As the project evolves, and more data is ingested into the database, it is likely that you will need more forests on the content databases. Either on existing hosts, or on new hosts that you add to the cluster. In both cases, you have to adapt your forest layout. Since you cannot easily move forests across hosts on an existing, live environment, this requires to be planned properly. Hopefully, this will be the topic of a subsequent article, detailing a few tips and best practices to do so.

Summary

Dispatching the forests properly over the cluster is important to balance the load over the hosts. Correctly dispatching their replicas is paramount to ensuring high availability (HA) and being resilient in case of an incident on a host. In case of such an incident, it is at least as important to make sure that the resulting, weakened cluster is itself well balanced.
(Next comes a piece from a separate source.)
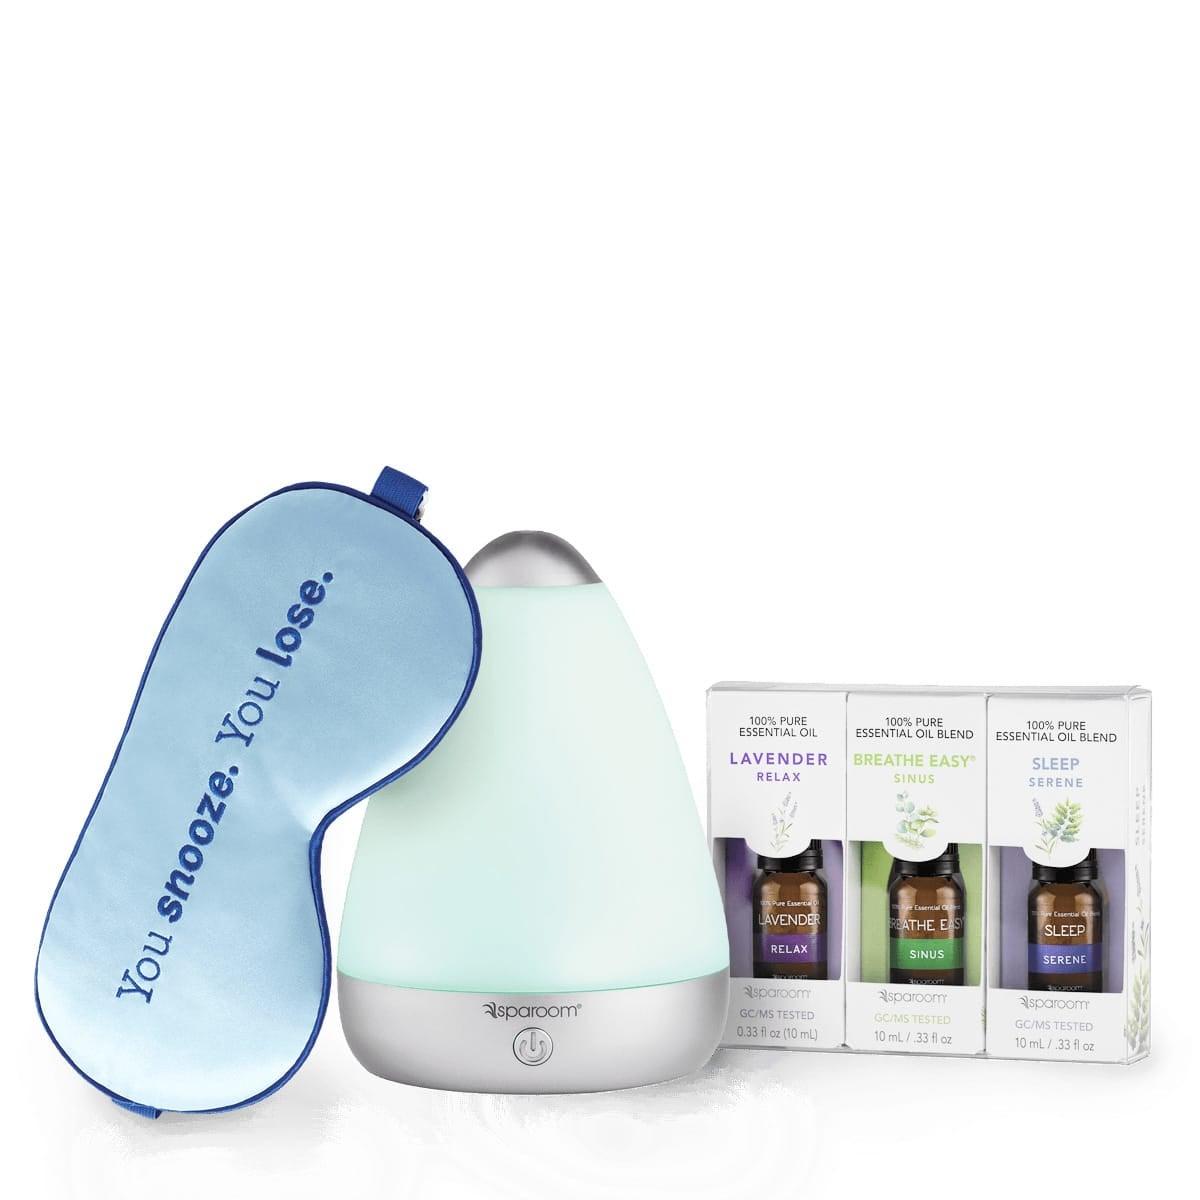 Sleep Soundly Bundle - eye mask, essential oil, diffuser set
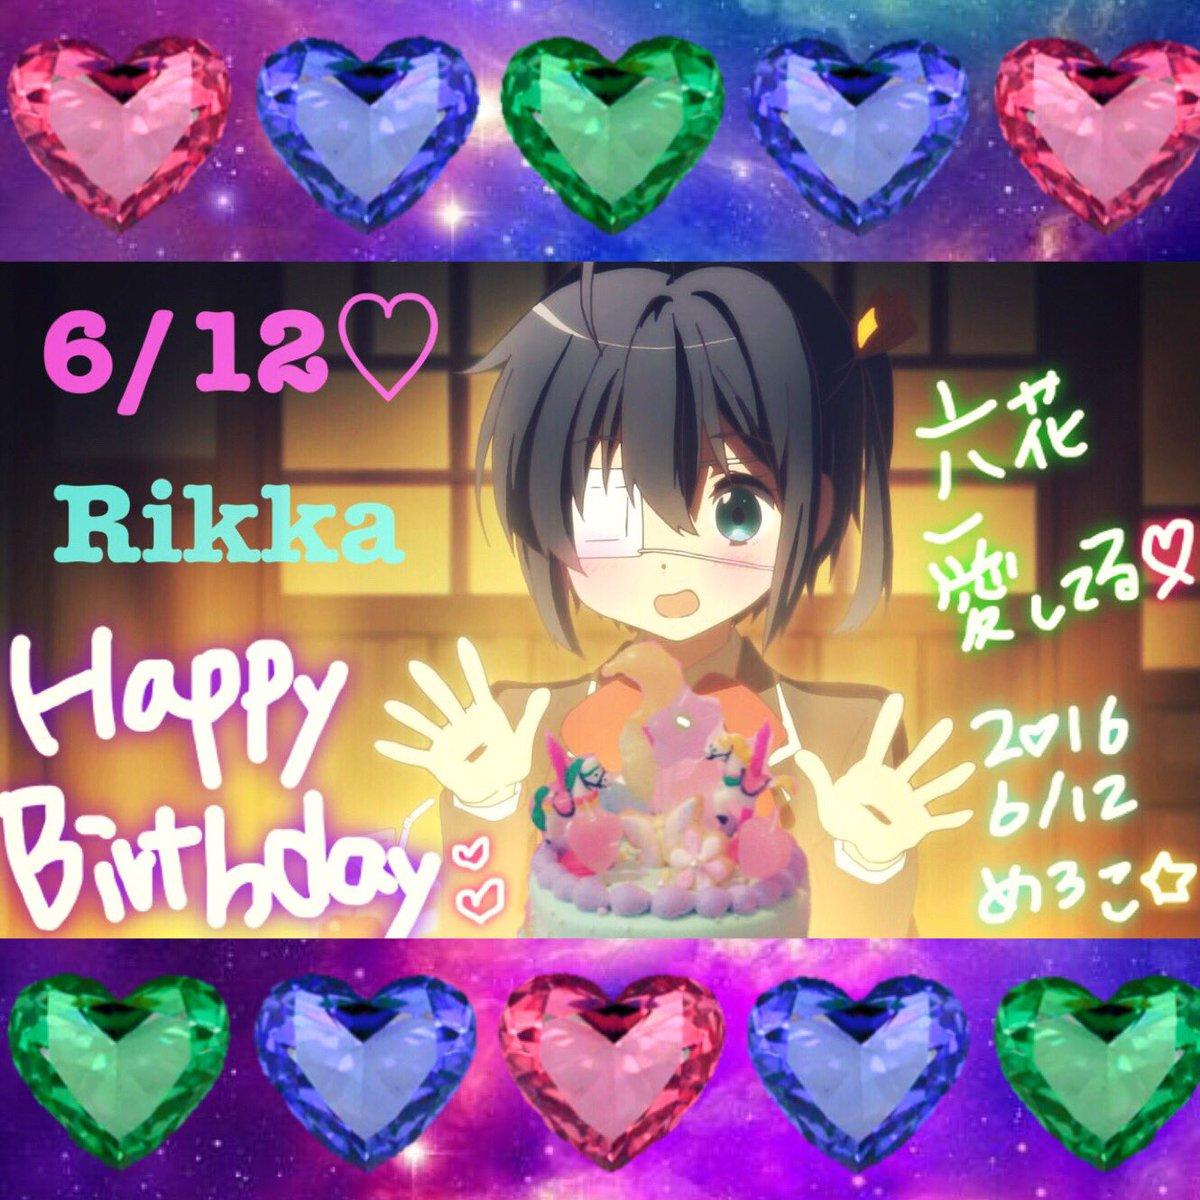 Rikka happy birthday🎂💓💓邪王真眼は最強♡#小鳥遊六花生誕祭2016 #6月12日は小鳥遊六花の誕生

The following table is a summary of the recommendations detailed above. Refer to the entire article for more explanations (the type of databases is detailed at the beginning of the article).

Forests Replicas Notes
Content database several per host 1 per master make sure that each host has the same number of forests, the same number of replicas, and that losing one host will result in a balanced extra load over the other hosts, through the corresponding replicas
Utility database 1 single forest 1 single replica
Security 1 single forest 1 single replica
App-Services 1 single forest 1 single replica
Meters 1 single forest 1 single replica keep an eye on the forest volume, in order to split it if necessary; you may also want to have no replica, depending on the importance you give to having metrics available and/or captured in a degraded cluster

These are best practices, rules of thumb, make sure to adapt them to your specific needs. The most important thing to take from this article is that the forest layout matters, it is important. Make sure to define it properly, to document it clearly, and to test the various incident scenarii.

Posted by Florent Georges, on 2023-08-06T15:54:45, tags: forest, high-availability and marklogic.